The albums in Yochi Briskman’s Project Relax series are compilation albums, usually focused on current songs reworked with a soothing sound. The song selection, an expert’s pick, is the domain of Yochi Briskman. He’ll usually choose a mix of relaxing songs from the past few years’ releases, and will generally throw in one or two classics.

“I sometimes hear a song and just know I want to feature it on a collection. Then, when we get closer to preparing another Project Relax, I actively sift through new releases, searching for great material,” he explains.

The album’s arranger, Moshe Laufer, and vocalist Avraham Fried were both excited about the songs. “I have to thank Yochi for introducing me to beautiful new material, not all of which I was familiar with,” says Fried.

The vintage Bobover song “Hein Babikah” was Avraham Fried’s one and only pick for the album. “Yochi invited me to sing, but he prepared every detail for me in advance,” says Fried. “The songs were chosen, Moshe Laufer’s arrangements were ready, he had a guide demo with a young vocalist singing the medleys, and all the choir vocals and the child soloist parts were specified.

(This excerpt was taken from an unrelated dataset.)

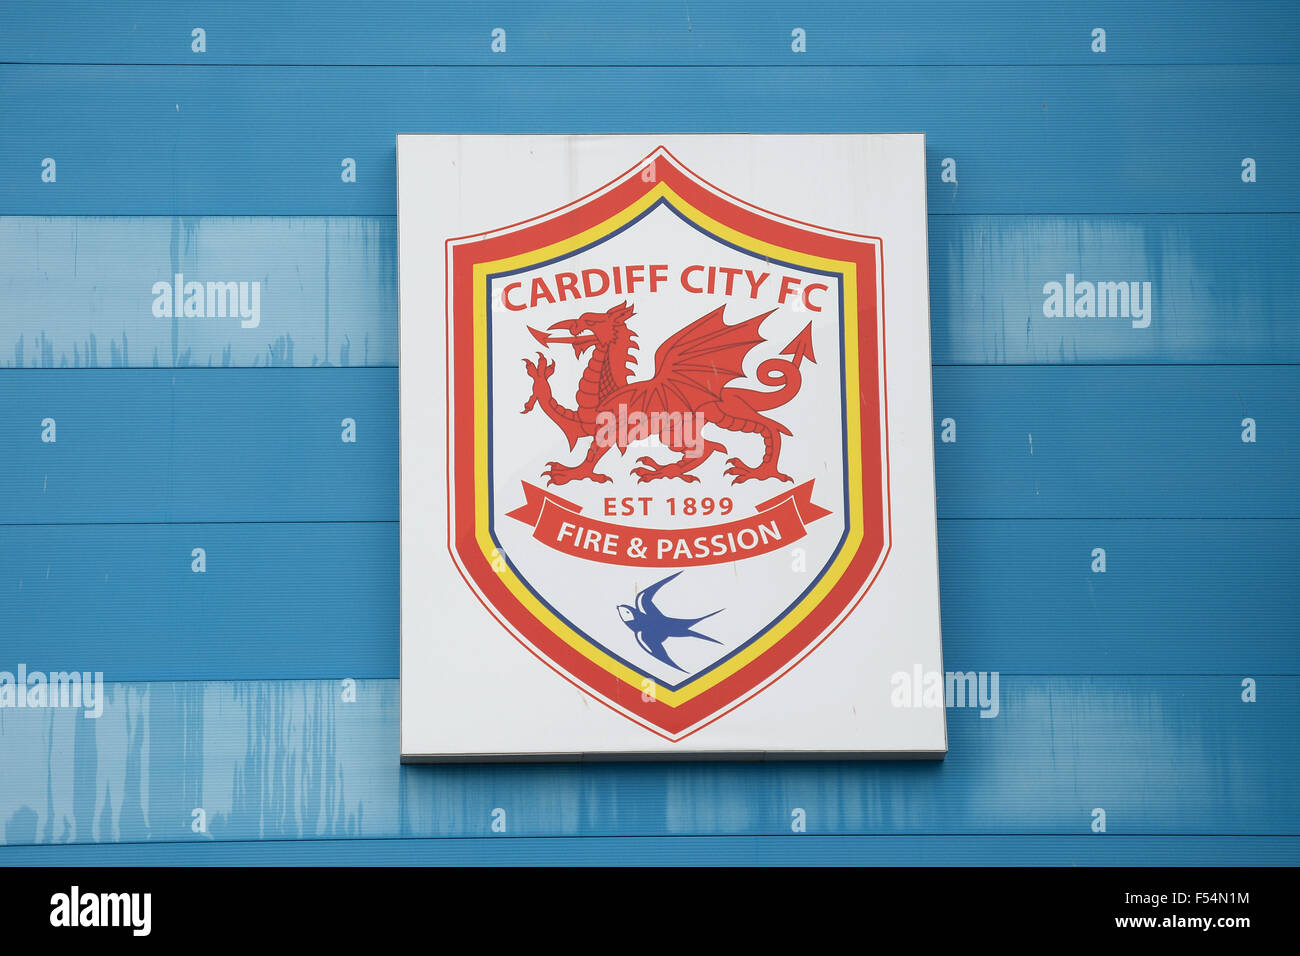 Cardiff City FC (CCFC) badge logo in Cardiff City Stadium di Cardiff, Galles. Foto Stock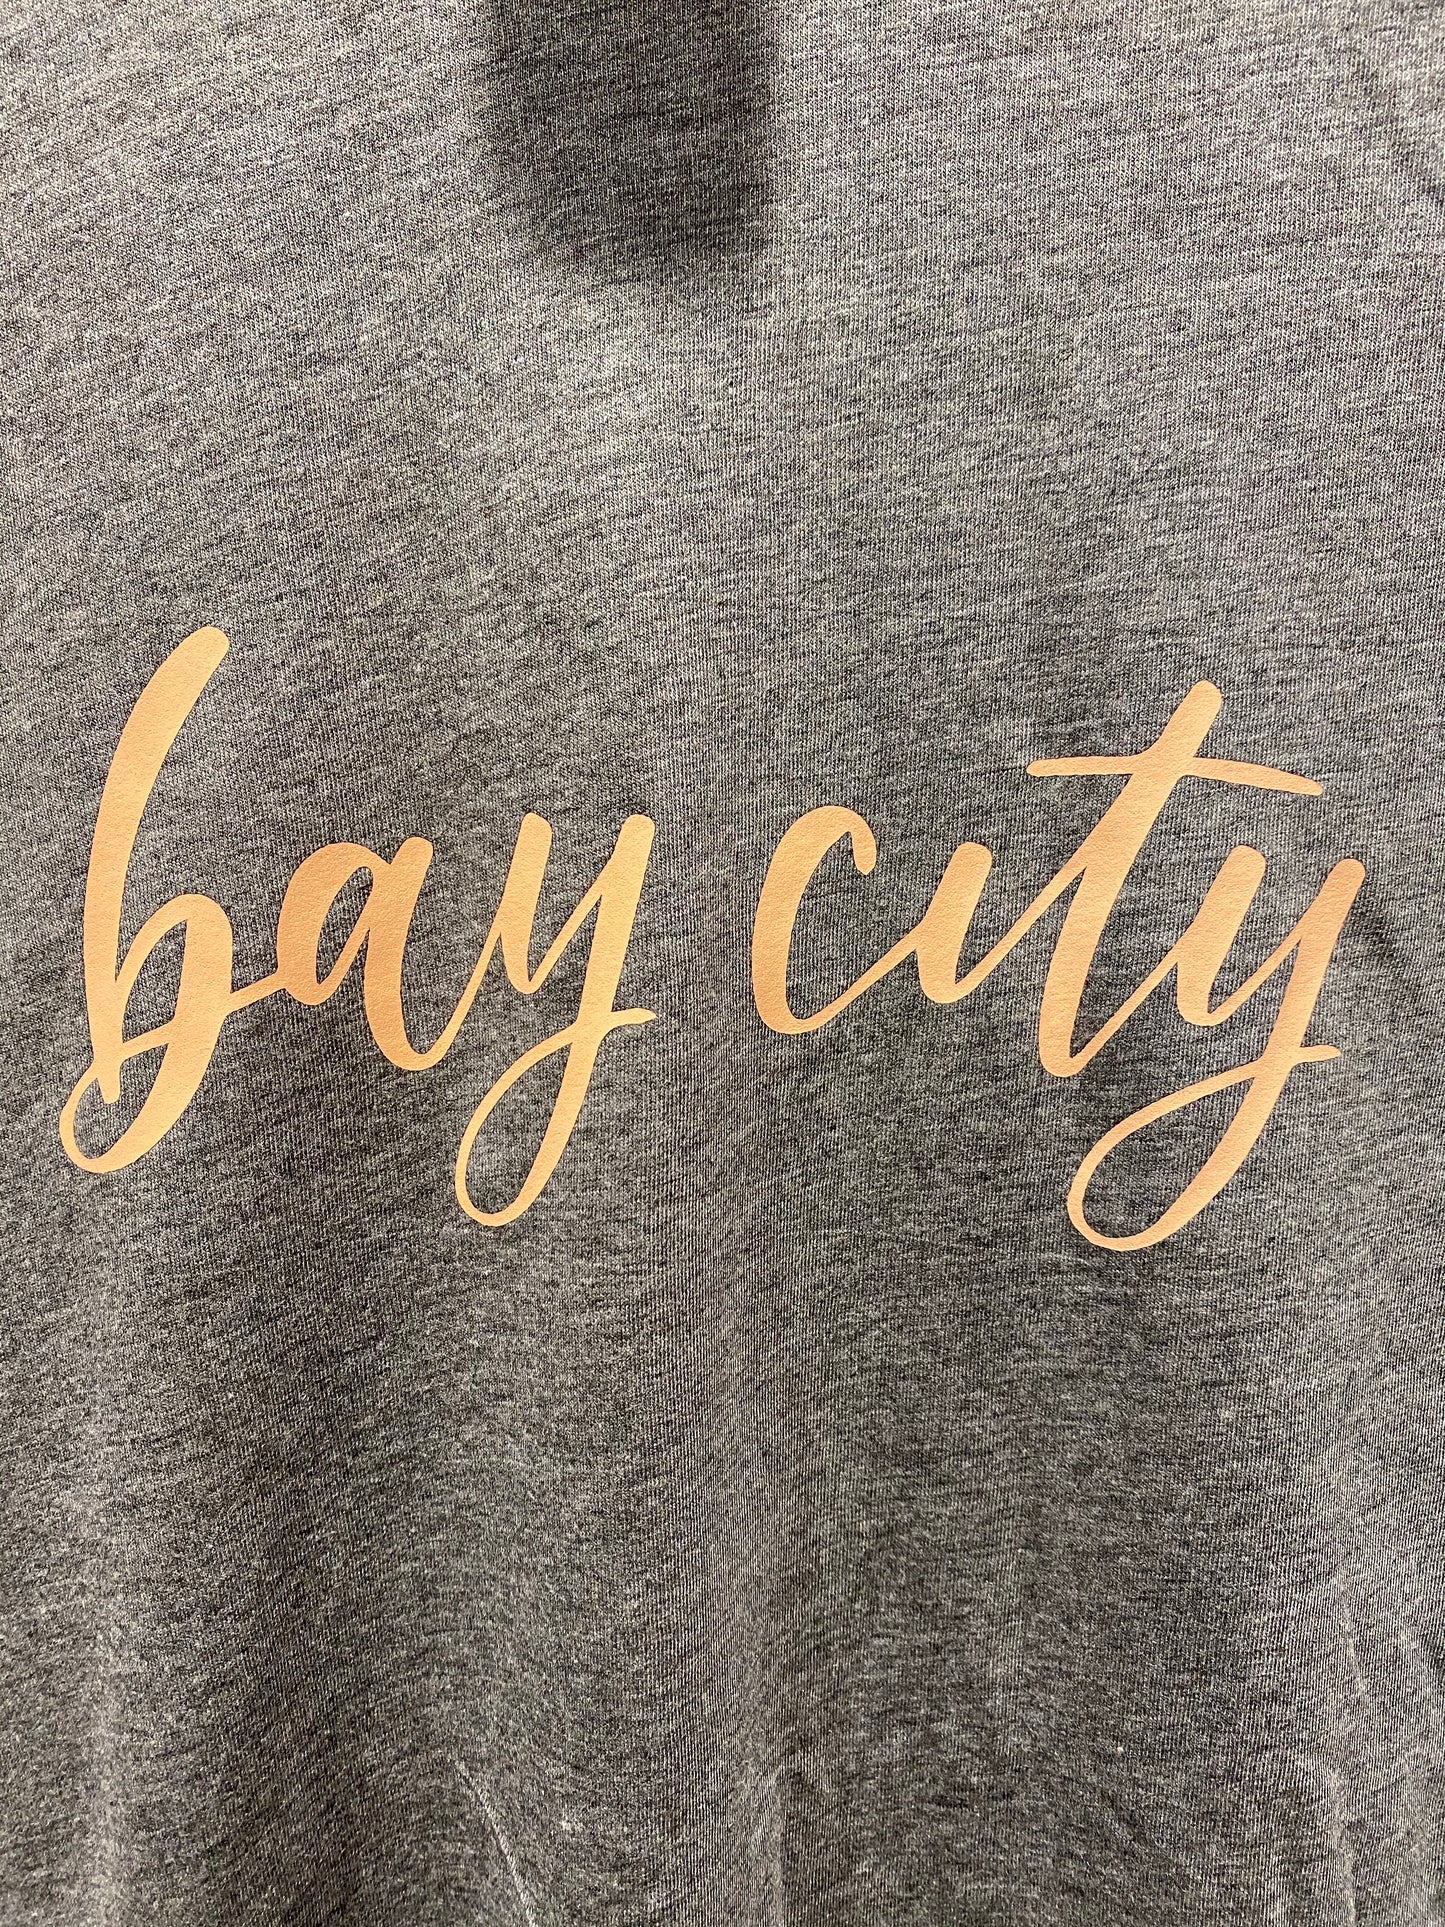 Bay City Script Tee

I didn’t listen to how the original artists who made these songs famous sang — I like to give the songs my own interpretation, my own expression.”

But he did get to choose one song himself. “I chose ‘Hein Babikah,’ a Bobover song composed by the Kedushas Tzion of Bobov zy”a, and we sang it at home. My father was a Bobover chassid who became close to the Lubavitcher Rebbe when my parents moved to Crown Heights, where the Bobover Rebbe ztz”l had a shtibel, and where my father worked in the administration of the United Lubavitcher Yeshivos for 40 years. We were all raised in Lubavitch mosdos, but he was a Bobover, through and through,” Fried says.

In this latest Project Relax collection, the vintage chassidish songs are sung with the pronunciation of their original releases (“Hein Babikah” and “Irim Vetimim” for example), and Fried says he enjoyed getting back to the warm feel of the Eastern-European chassidish pronunciation, which is how he grew up. “In my home, we still sing zemiros like my father did, so that comes very naturally to me.”

When it came to “Abba,” the popular single Fried recorded with Ari Hill, and Ishay Ribo’s “Halev Sheli,” Fried felt that, in the spirit of the rest of the album, these songs needed Yiddish lyrics to round out the album’s heimishe feel (the original “Abba” has a Yiddish chorus, but Fried attached new Yiddish lyrics to the beginning as well). He penned the lyrics himself— a touch of chassidish warmth and mameh-lushen crossing genres to somehow meld Ribo’s Israeli soul music to Hershy Rottenberg’s Yiddish “Kadeish,” the selection that follows.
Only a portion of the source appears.